The Celtiberians. under this term were hidden one of the most influencial culture in iberian history. Iberia was ever a crossing point between west Europe and Africa, and was inhabited sincethe neolithic by several proto-civilizations. One of the most famous during the bronze age, was the Tartessian culture, a product of the phoenician colonization in the south, largely spread around. Later, in 600-500 bc, some greek colonies were settled on the eastern coast. The word "iberian", known in greek cutlure since 500 bc. was probably derived of the river Ebro, a natural frontier between the new settlers and the whole peninsula. Around 1000 bc to 700 bc, several massive wave of celtic invaders changed the face of the peninsula : They settled in the west, north, and center, and mixed with local populations, giving them the name of "Celtiberians". The last were known to have been separated between the Lusitanians, Galicians, Asturians, Celtici, and Celtiberians proper, mostly to the center and north of the peninsula. Amongst the lasts, the Arevaci beeing the most powerful, others beeing the Titti, Belli, and Lusones. The Arevaci dominated the whole center of the peninsula thanks to a web of powerful fortified Oppida.
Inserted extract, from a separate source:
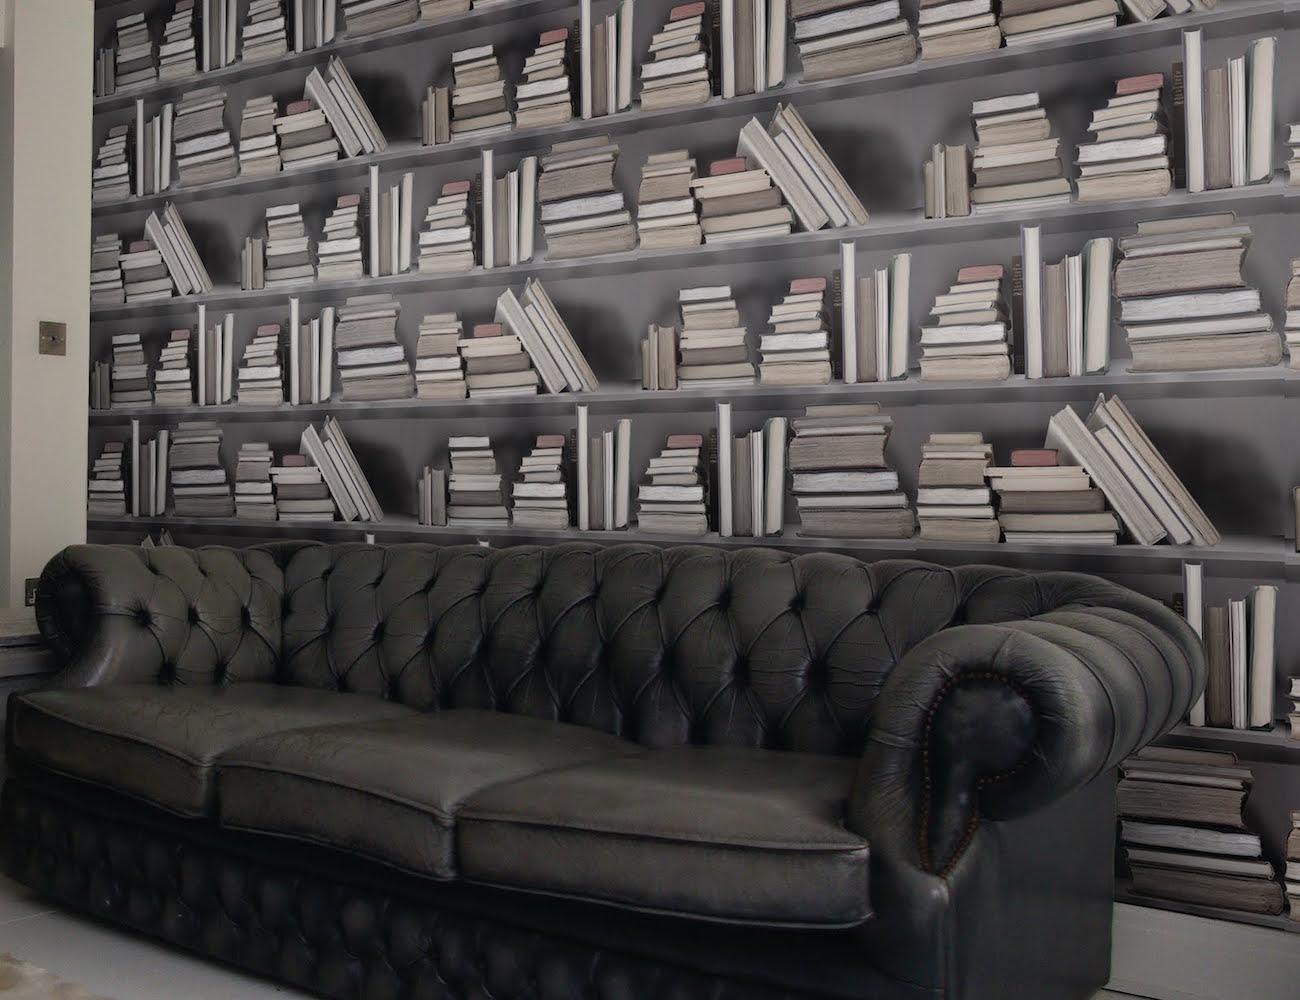 Vintage Bookshelf Wallpaper Gadget Flow

The Celtiberians differed from the Iberian proper, by several ways : This was a bellicist culture, making and a large place to weapons. The Celtiberian typical sword was by no means, similar to the Celtic one, beeing double-edged and tall. Their main shields were the Scutum. Their most popular helmets were the tall, pointed Halstatt models. But Unlike the Celts, they wore no trousers or "braca" but short sleeves similar to the later roman Femoralla. They were also given leather jackets and bronze plates or bronze scale armors instead of chainmail, which was lately adopted. Local iberian caetra had a strong inluence over western Lusitanians who used very large versions. Masks of war were also used by these populations. The Celtiberians allied themselves with Hamilcar Barca when he landed in southern spain in order to conquer a new empire after the loss of Sicilia and several other islands in the western mediterranean. From 236 to his death in 228 bc, he gained the Carthaginians an impressive territory, both by arms and diplomacy. The Celtiberians prove themselves truthful allies of his son Hannibal when he took command of the army and launched his campaign against Saguntum. They proved also their skills and courage, beeing probably the best mercenaries in Hannibal's army in Italy and even in Africa.
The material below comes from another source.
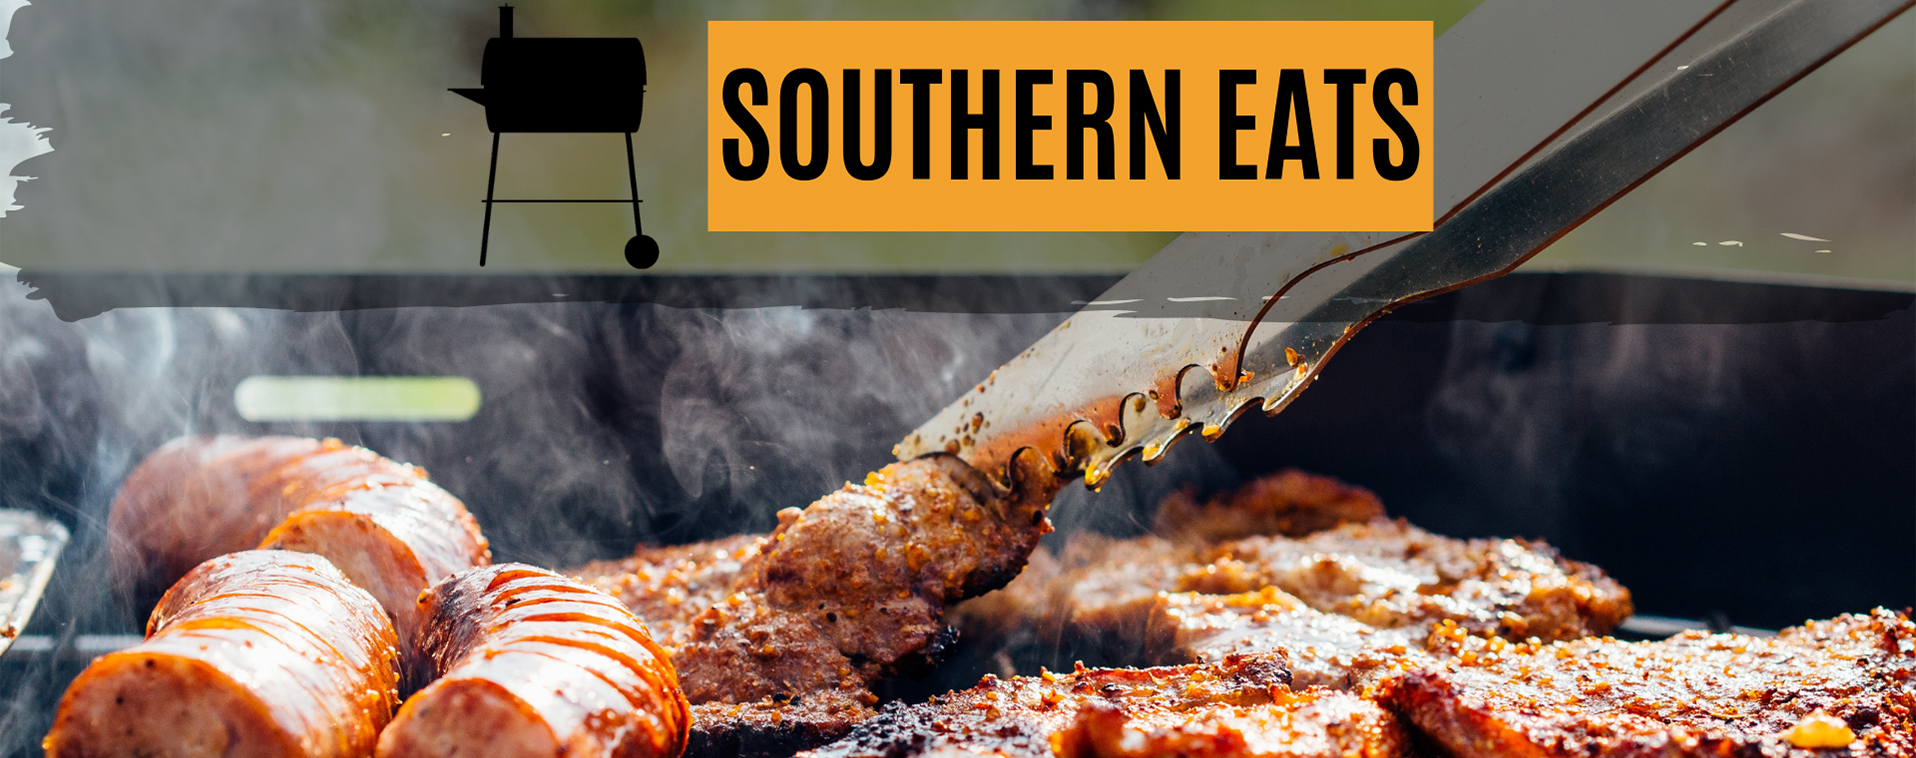 Southern Eats 1916x758

With their bellicose behaviour, mixed armaments and tactics, a territory protected on its only land frontier by a mountain ridge, rich and fertile lands, abundant with iron, the best in Europe, the Celtiberians are the best placed for an hegemony in the whole peninsula, over other iberians, fellow Lusitanians, Galicians and Asturians, to hold in respect the Gauls beyond the Pyrrhenees and in the south-east, the ever ambitious Carthaginians.